В конце концов, из хаоса семидневных размышлений родилась и статья, и серия очерков, которые можно было предъявить в редакции. В них фиговый листочек патриотизма получился достаточно прозрачным, и нестандартные публикации вызвали немало толков. Пришлось даже ходить объяснять свою гражданскую позицию на «самый верх». Но журналистика учит многому. На тоскливое замечание управленца по печати о том, что «раньше он бы меня за такое посадил», я успешно отболтался, перевернув собственные мысли с ног на голову, отчего они стали более «понятны и приемлемы». Был милостиво отпущен и даже стяжал славу в определенных прогрессивных кругах. Тогда-то мой издатель и посоветовал писать «про наше».
А тут ещё и Лешка Сомов – друг закадычный – забежал как-то «на огонек», и, пока я возился на кухне, нагло сунул нос в мои Чеченские наброски. «Старик! – орал он потом, роняя изо рта куски непрожеванной колбасы, – Это же класс! Твои статьи, по сравнению с этим, просто какой-то советский партийный доклад! Ты гад, если не напишешь книгу! Все эти „Слепые“, „Косые“, не знаю там, „Сопливые“, – одна туфта! Базарной мафии и в жизни завались. А вот чтобы герой – человек из тех, что ещё не сбились в собачью стаю. С умом, с душой, со свежим взглядом – этого, брат, не хватает. По этому давно уже душа скучает. А у тебя такой материал! Пиши!».
И я вдруг загорелся.
О Чечне писать не хотел. На то были две причины. Во-первых, только ленивый тогда к этой теме не приложился, а во-вторых, существовала опасность «увязнуть» в своих размышлениях и далеко уйти от идеи.
А идея родилась сразу.
Мой герой – собиратель старинного оружия – в поисках сабли генерала Муравьева, едет на Кавказ, где, роясь в событиях дней прошедших, вдруг совершенно по-новому начинает видеть события дня сегодняшнего. При этом, главной задачей было избежать нравоучительных параллелей и однозначных выводов. Книга не должна была задавать вопросы и отвечать на них. Просто толчок к размышлению – какими мы становимся, и такие ли мы на самом деле?
Героя я сначала хотел назвать в честь дяди, но потом передумал. Василий Львович оружие не любил и никогда его не собирал. Он считал, что человечество много потеряло, растрачивая свои мозги на его совершенствование. Но меня старинные клинки всегда завораживали.

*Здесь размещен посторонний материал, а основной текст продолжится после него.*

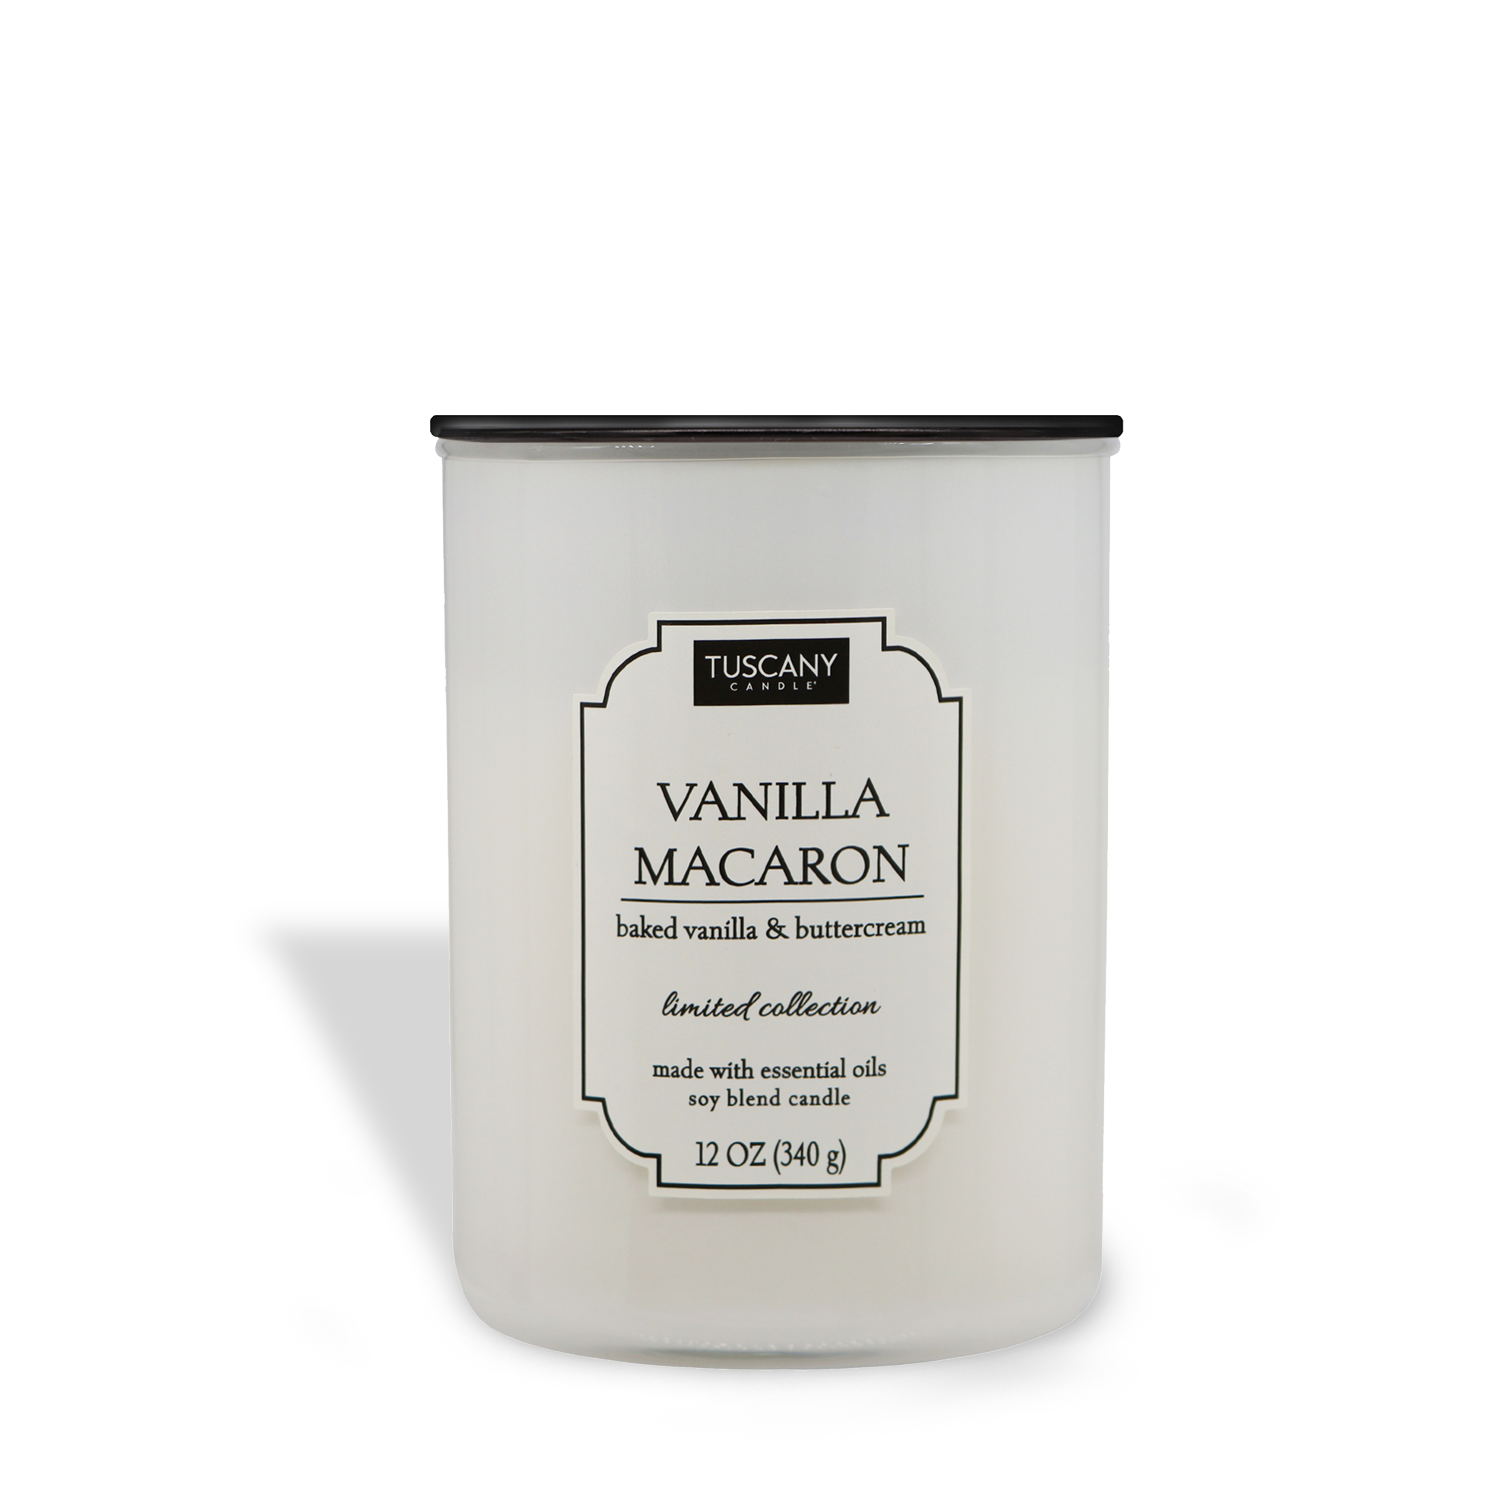 A scented candle labeled "Vanilla Macaron (12 oz) – Colorsplash Collection" in a white jar with a black lid, part of the Tuscany Candle® EVD collection.

Ружья – не так, а вот мечи, сабли, шпаги приводили в какой-то священный трепет своими изяществом и отточенной красотой…. Поэтому герой стал зваться Николаем Лекомцевым, который, как и я, писал книги на исторические сюжеты. Волею судеб, он оказывался втянутым в военные действия, где его романтическая душа познавала все – и медные трубы бессмысленного подвига, и озлобленность, и превращение в матерого зверя, когда накопленная жестокость достигает такого уровня, за которым Личность пожирается…. Но Человек все же возобладал. Мучительно и болезненно, он пробился сквозь все наносное, израненный сомнениями, но обновленный. И опорой в этом возрождении стал для него тот роман о генерале Муравьеве, который он не переставал сочинять даже тогда, когда все это казалось ненужным и бессмысленным. Он словно чувствовал, что спасется только если не выпустит из мыслей образы других людей. Которые жили, когда понятия о чести и долге были не просто понятиями, а нормой жизни, привитой воспитанием всего того поколения; когда духовными наставниками были воистину великие, а благородство духа ещё не смешивали с наивностью.